Now you know as much as most millennials know about history, if they remember any of it.
IDK.
Abraham had slaves.
It’s the oldest worker market ever.
Slaves out-numbered feremen for ages.
True, and National Geographic is particularly skilled at hiding their URLs. In accordance with FR tradition, I did not follow the link until after posting, so I did not realize where you were. That site is a definite challenge.
They also can’t decide if drinking from it will make you live forever or for a many years. Wishy washy.
Interesting; Cast glass bowl with Greek not Latin inscriptions found in a slavic area once dominated by Rome.
The concept of slavery changed (the way it was thought of and practiced) after 650AD. No one is saying that slaves haven’t existed forever, just that how we see slaves today is colored by the image of slaves in US history books, but that image is NOT the historical norm.
And the level of detail 1700 years ago, quite amazing
You're right though, listing source was the way I got started on it. The first try was "inspect" (this was in the Chrome browser) and it gave me nothin'. Had to copy and paste to an editor and really pound some nails through it.
Someone else on FR suggested that to me many years ago, and it has saved me time when the source hides their image location.
When I clicked on the image (either button) I got a "please respect copyrights" message, couldn't save the image or drag it to the desktop.
I saw just like it at Walmart, it was made in China.....
Interesting.
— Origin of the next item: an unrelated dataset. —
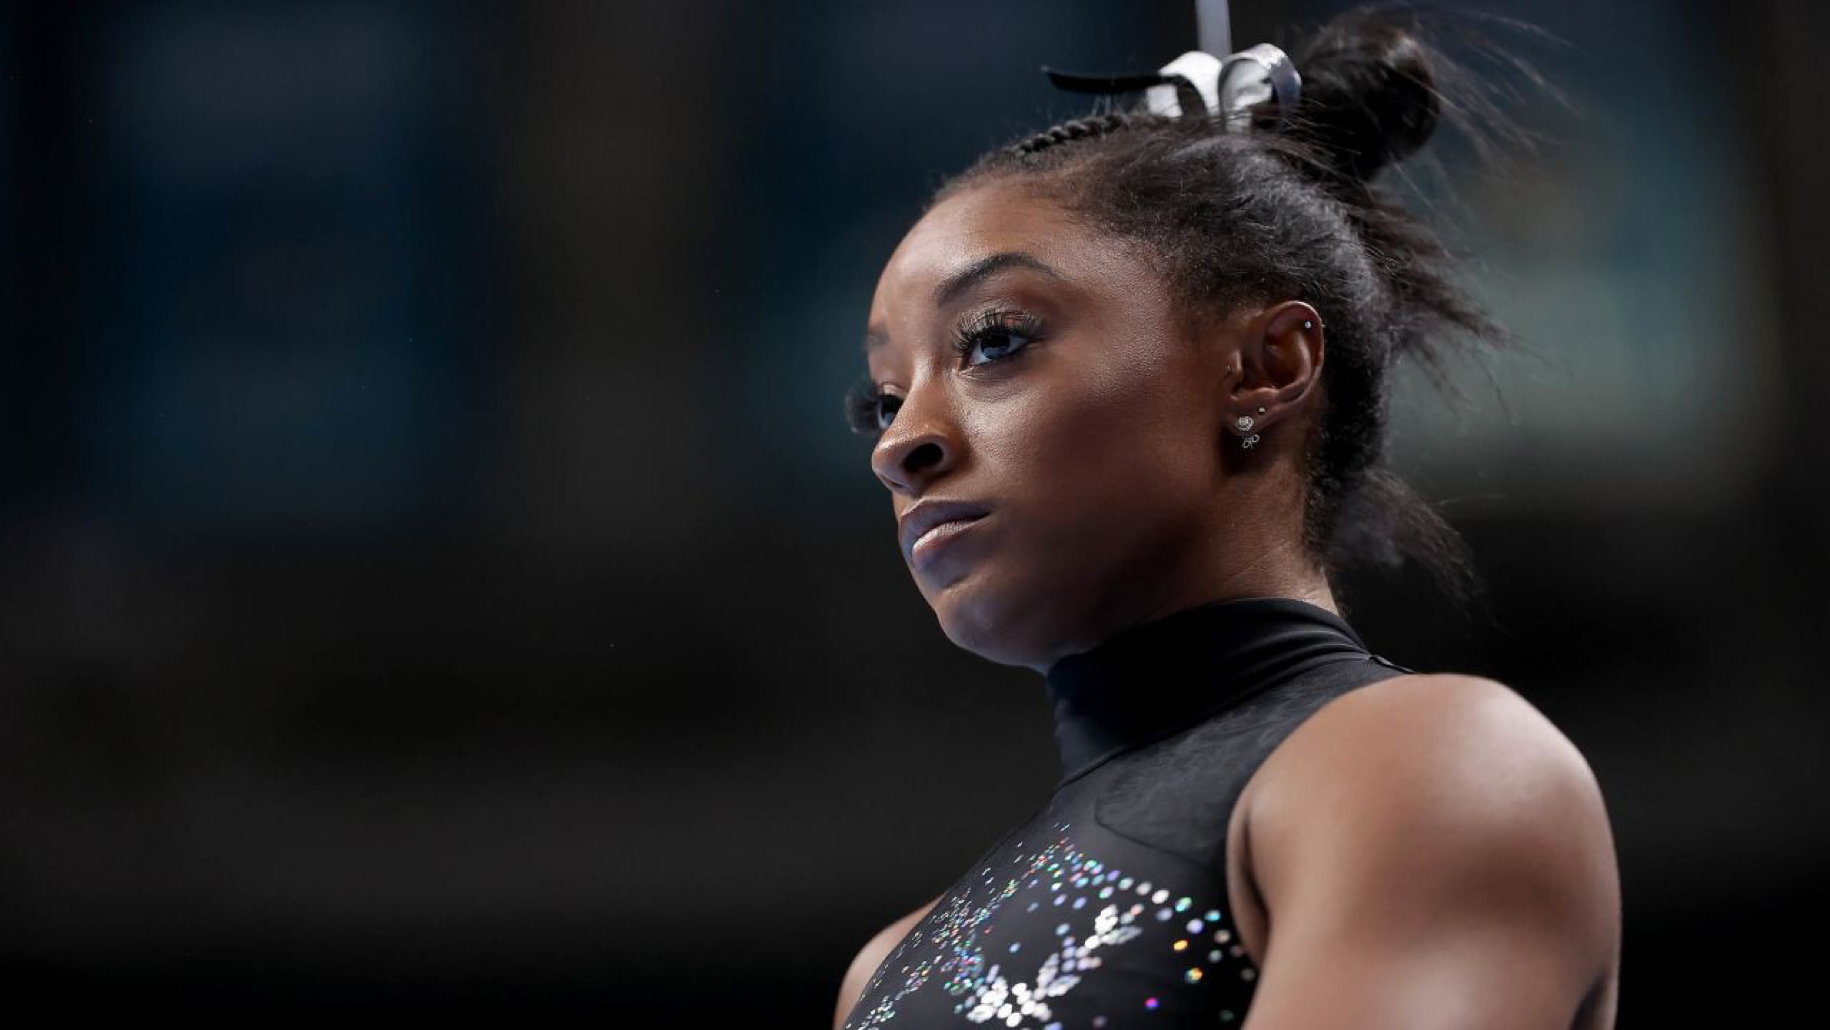 You are currently viewing Simone Biles says it ‘broke my heart’ to see footage of a Black girl ignored in gymnastics ceremony

I got the image address at the blog. They must have received complaints from NG. I understand their point, but I also see this as fair use when we excerpt enough that people can see whether it’s worth following the link. In the case of this article, that picture is essential to an excerpt.
If they audit their server traffic, they'll spot the graphical link in my post up there. :^(
Hopefully they’ll also spot the traffic to their web site that comes from here and call that a win.
They might, but their IT dep't probably blocks access to FR. :^) The upshot is, don't be surprised if the graphics have to be pulled by the mods.